• Task requirements: Word for word and without images, reproduce the listing that follows.

• Dataset content:
****************************************

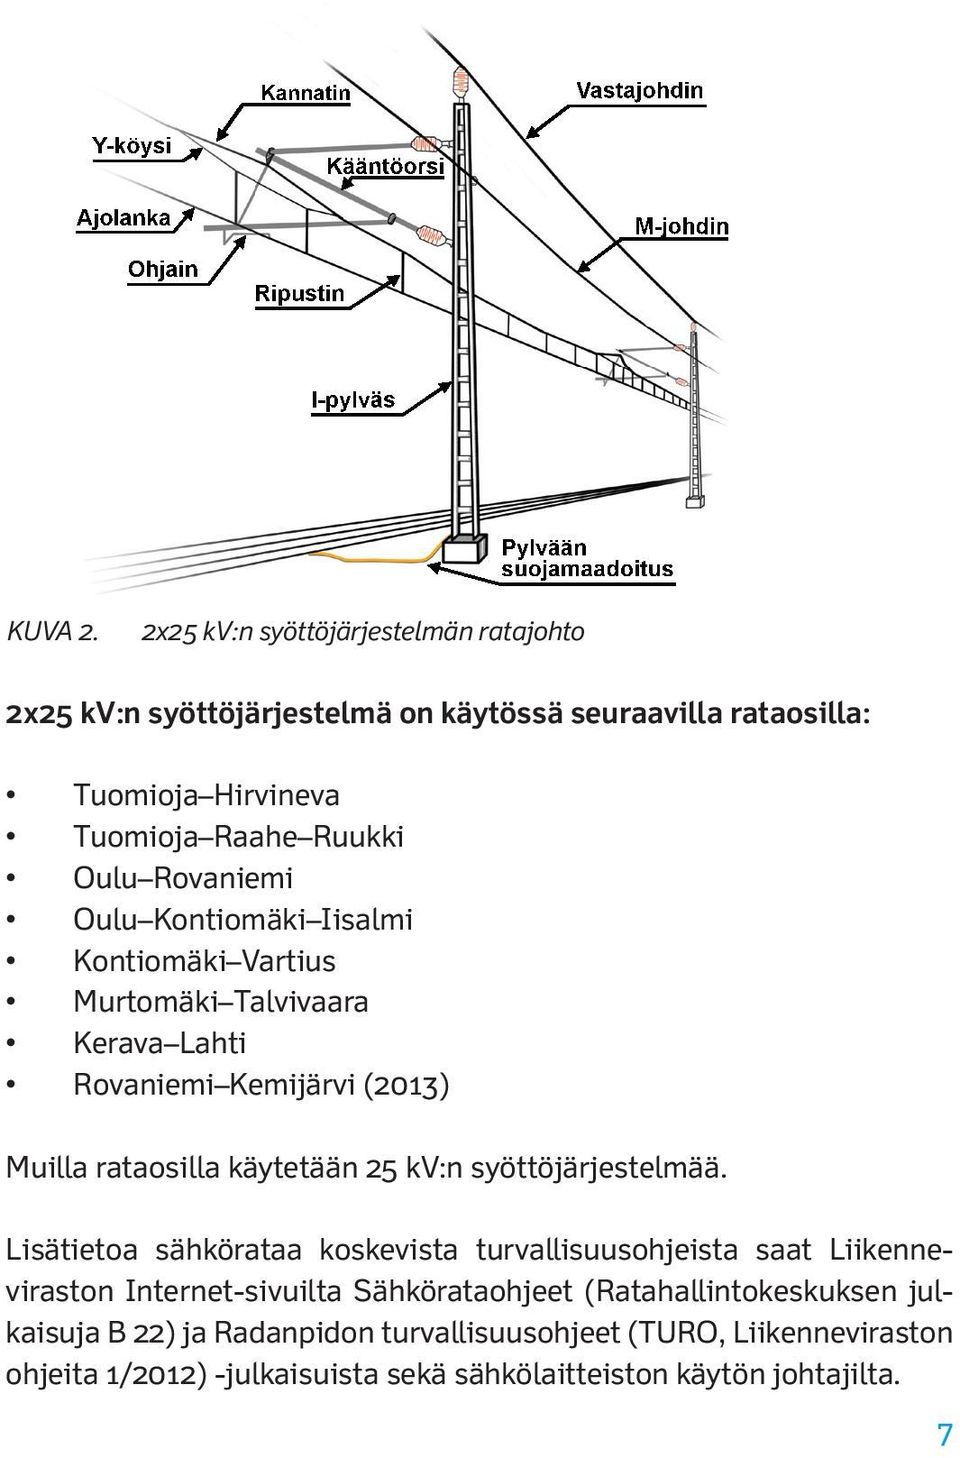 Iisalmi Kontiomäki Vartius Murtomäki Talvivaara Kerava Lahti Rovaniemi Kemijärvi (2013) Muilla rataosilla käytetään 25 kv:n syöttöjärjestelmää.
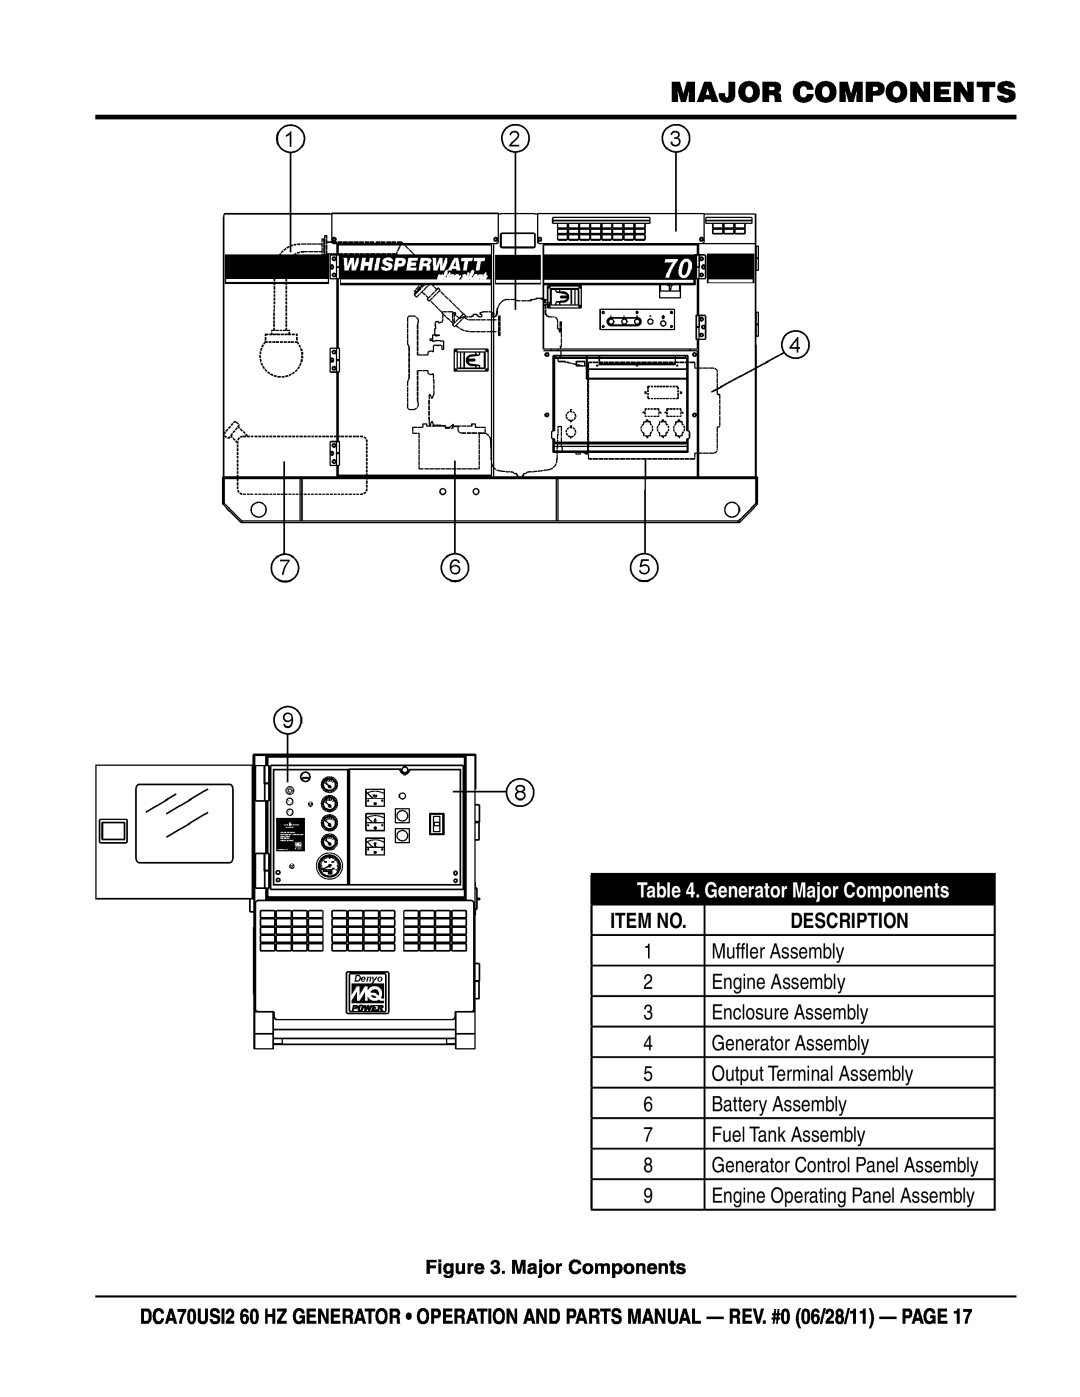 Multiquip DCA70USI2 manual Generator Major Components, Item No 
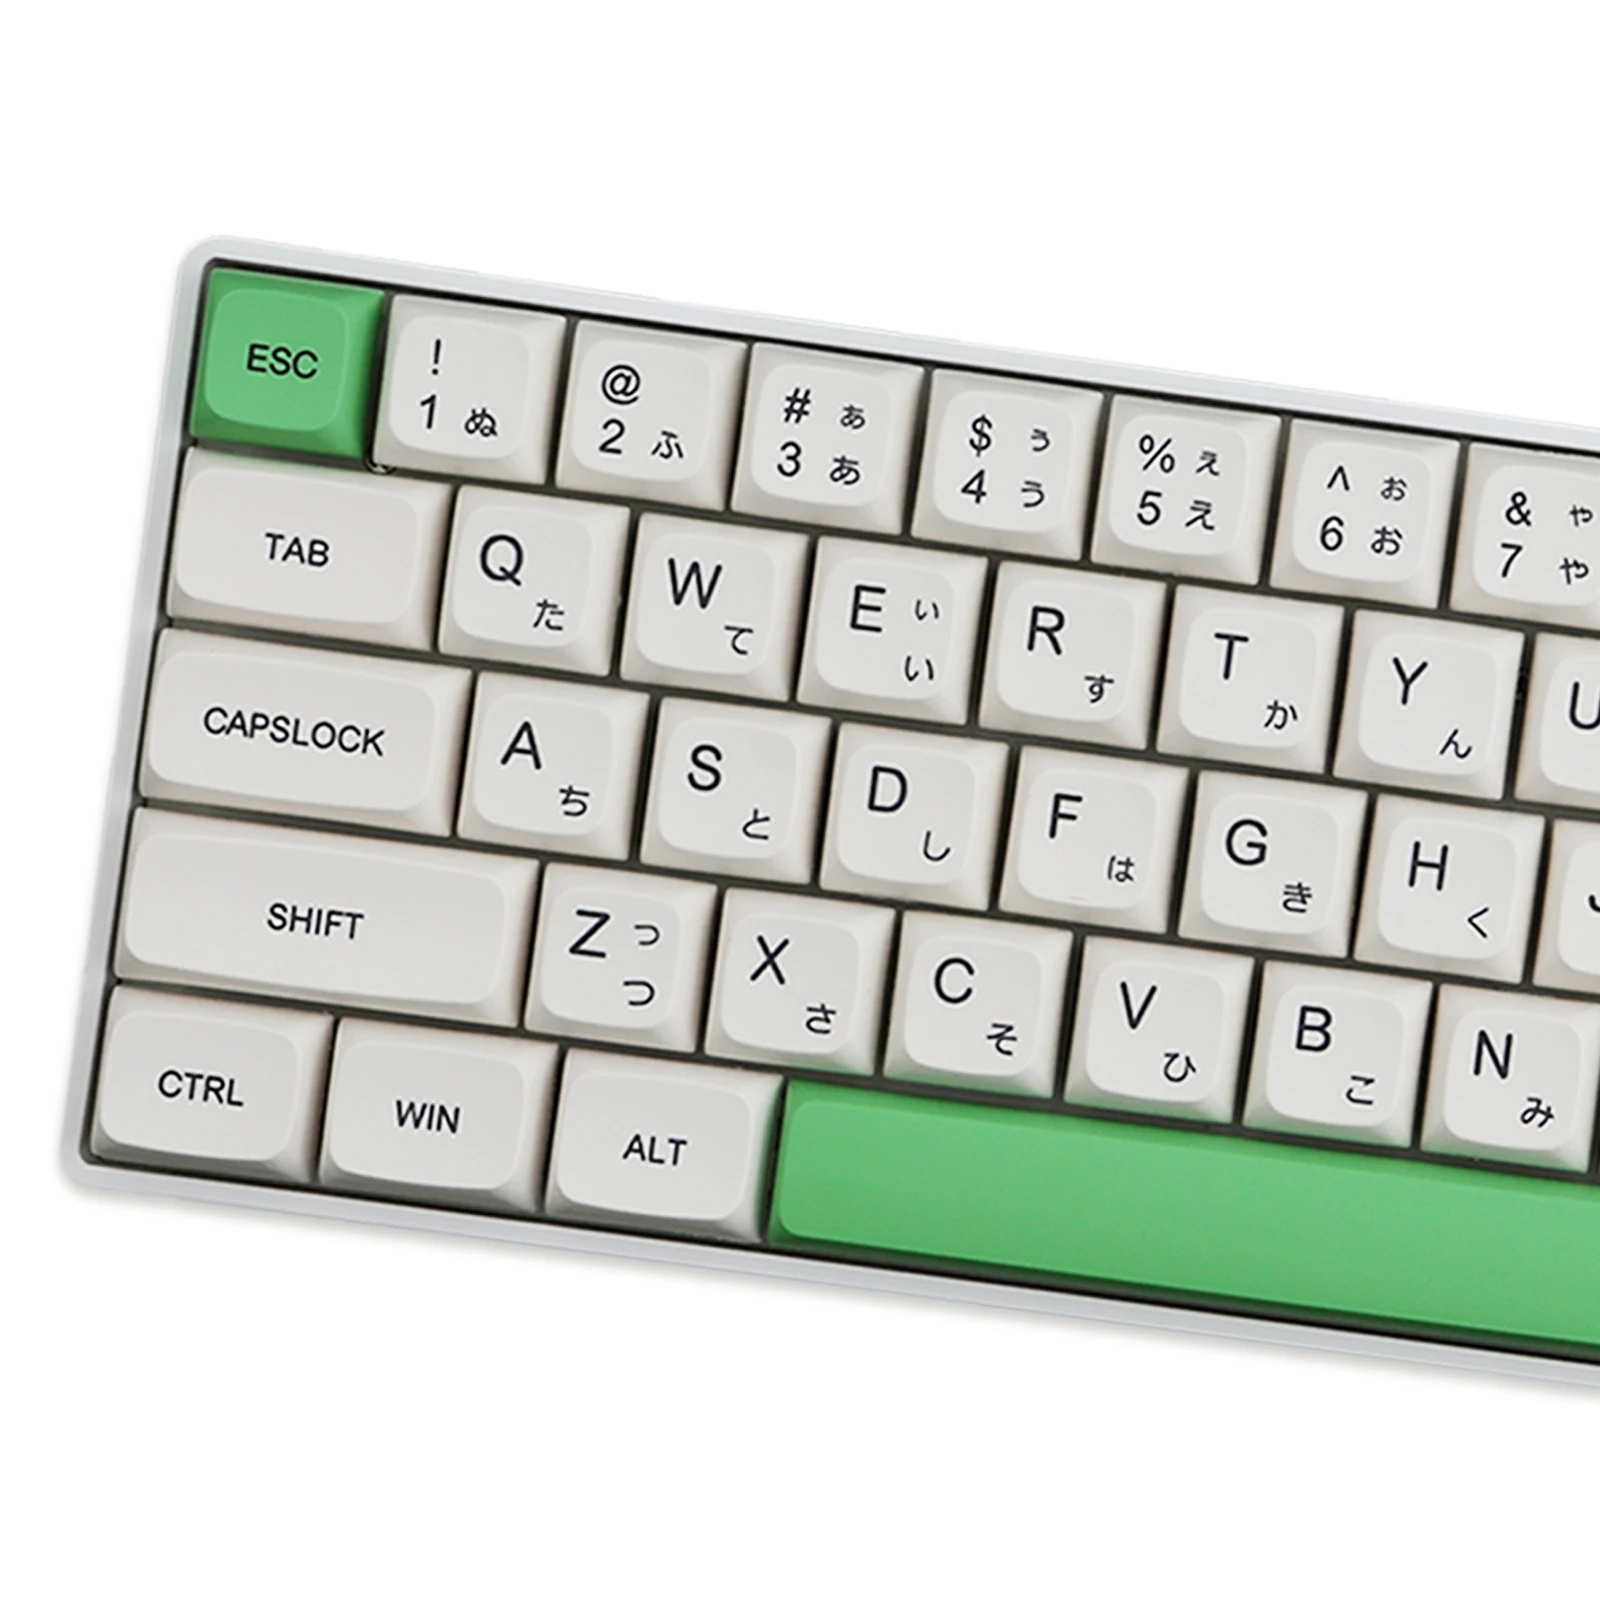 

Колпачки для клавиш PBT 137 клавиш XDA профильные колпачки для клавиш сублимационная японская колпачок для клавиш авокадо для переключателей ...
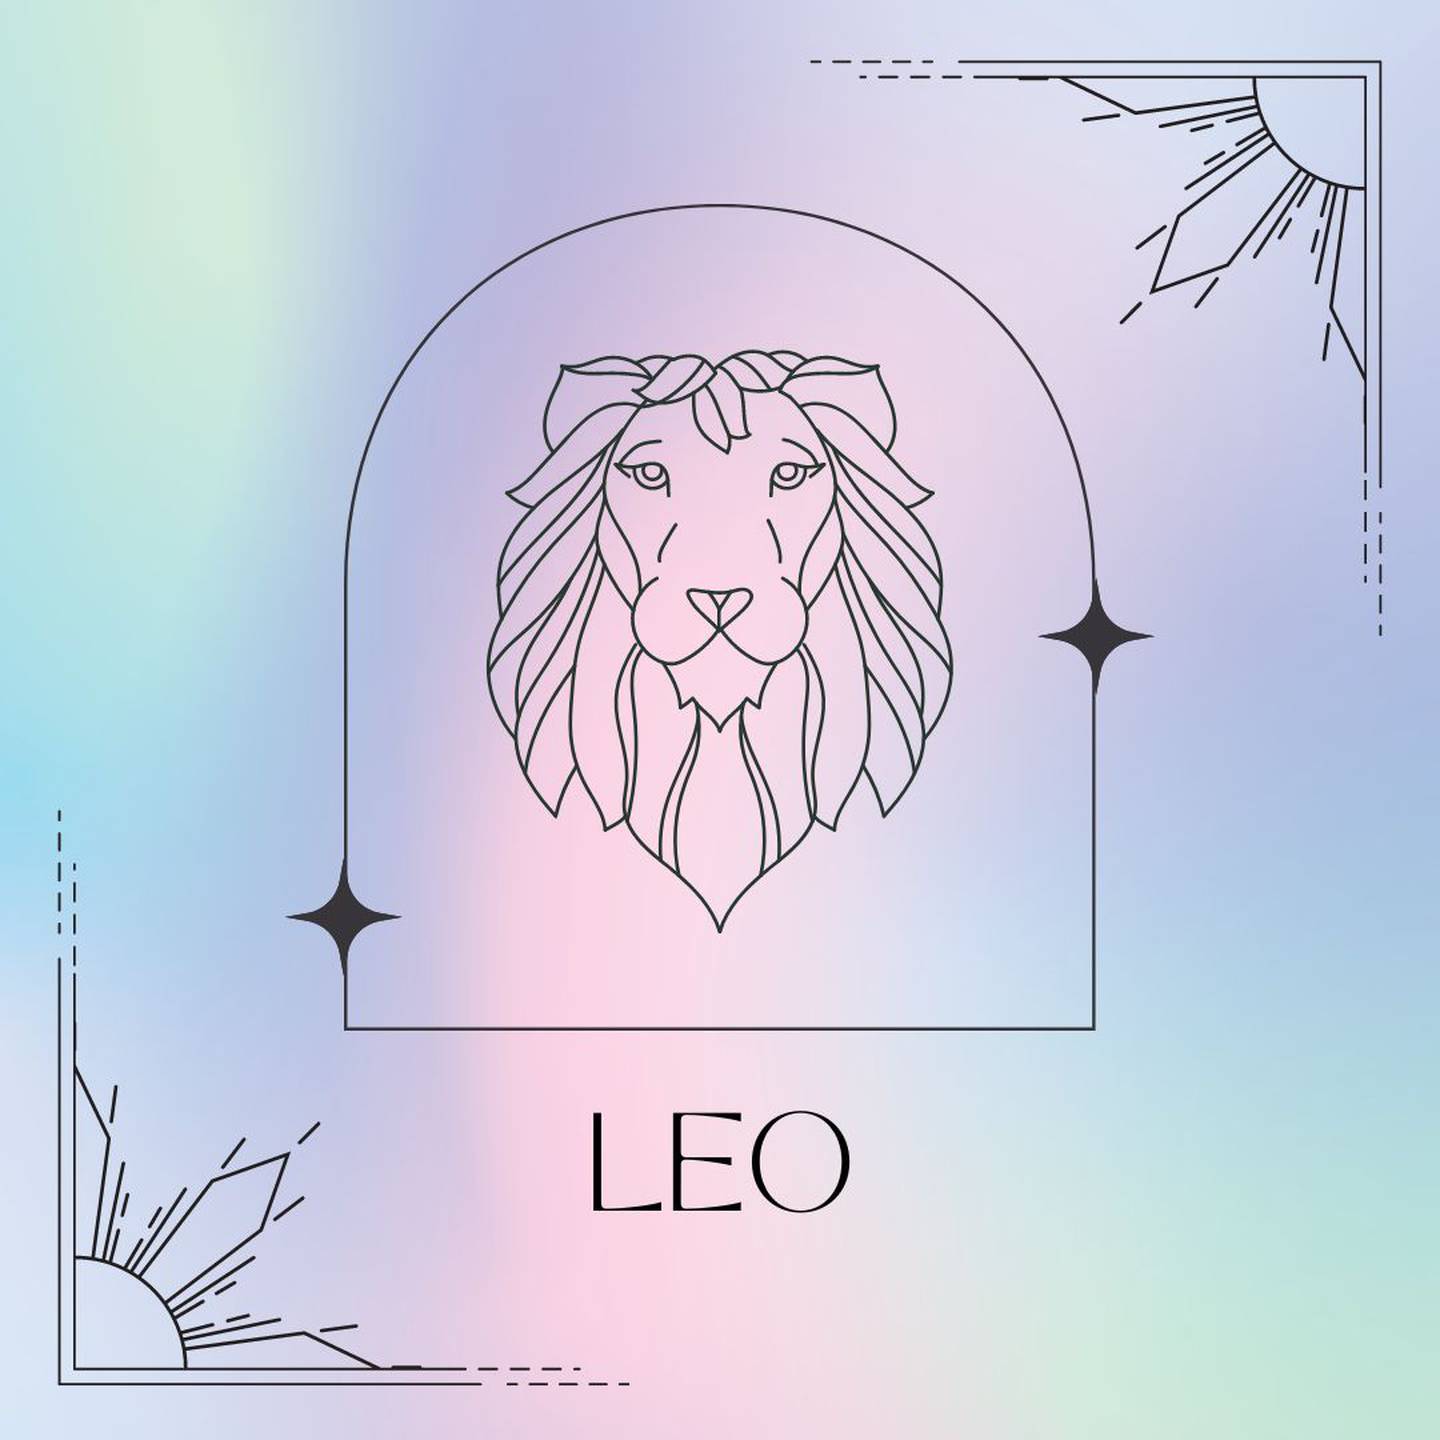 dibujado en negro, el símbolo de Leo aparece enmarcado sobre un fondo de colores suaves pastel.

****************************************

• Solution to this problem:
 Iisalmi Kontiomäki Vartius Murtomäki Talvivaara Kerava Lahti Rovaniemi Kemijärvi (2013) Muilla rataosilla käytetään 25 kv:n syöttöjärjestelmää.
 Multiquip DCA70USI2 manual Generator Major Components, Item No 

Колпачки для клавиш PBT 137 клавиш XDA профильные колпачки для клавиш сублимационная японская колпачок для клавиш авокадо для переключателей ...
 dibujado en negro, el símbolo de Leo aparece enmarcado sobre un fondo de colores suaves pastel.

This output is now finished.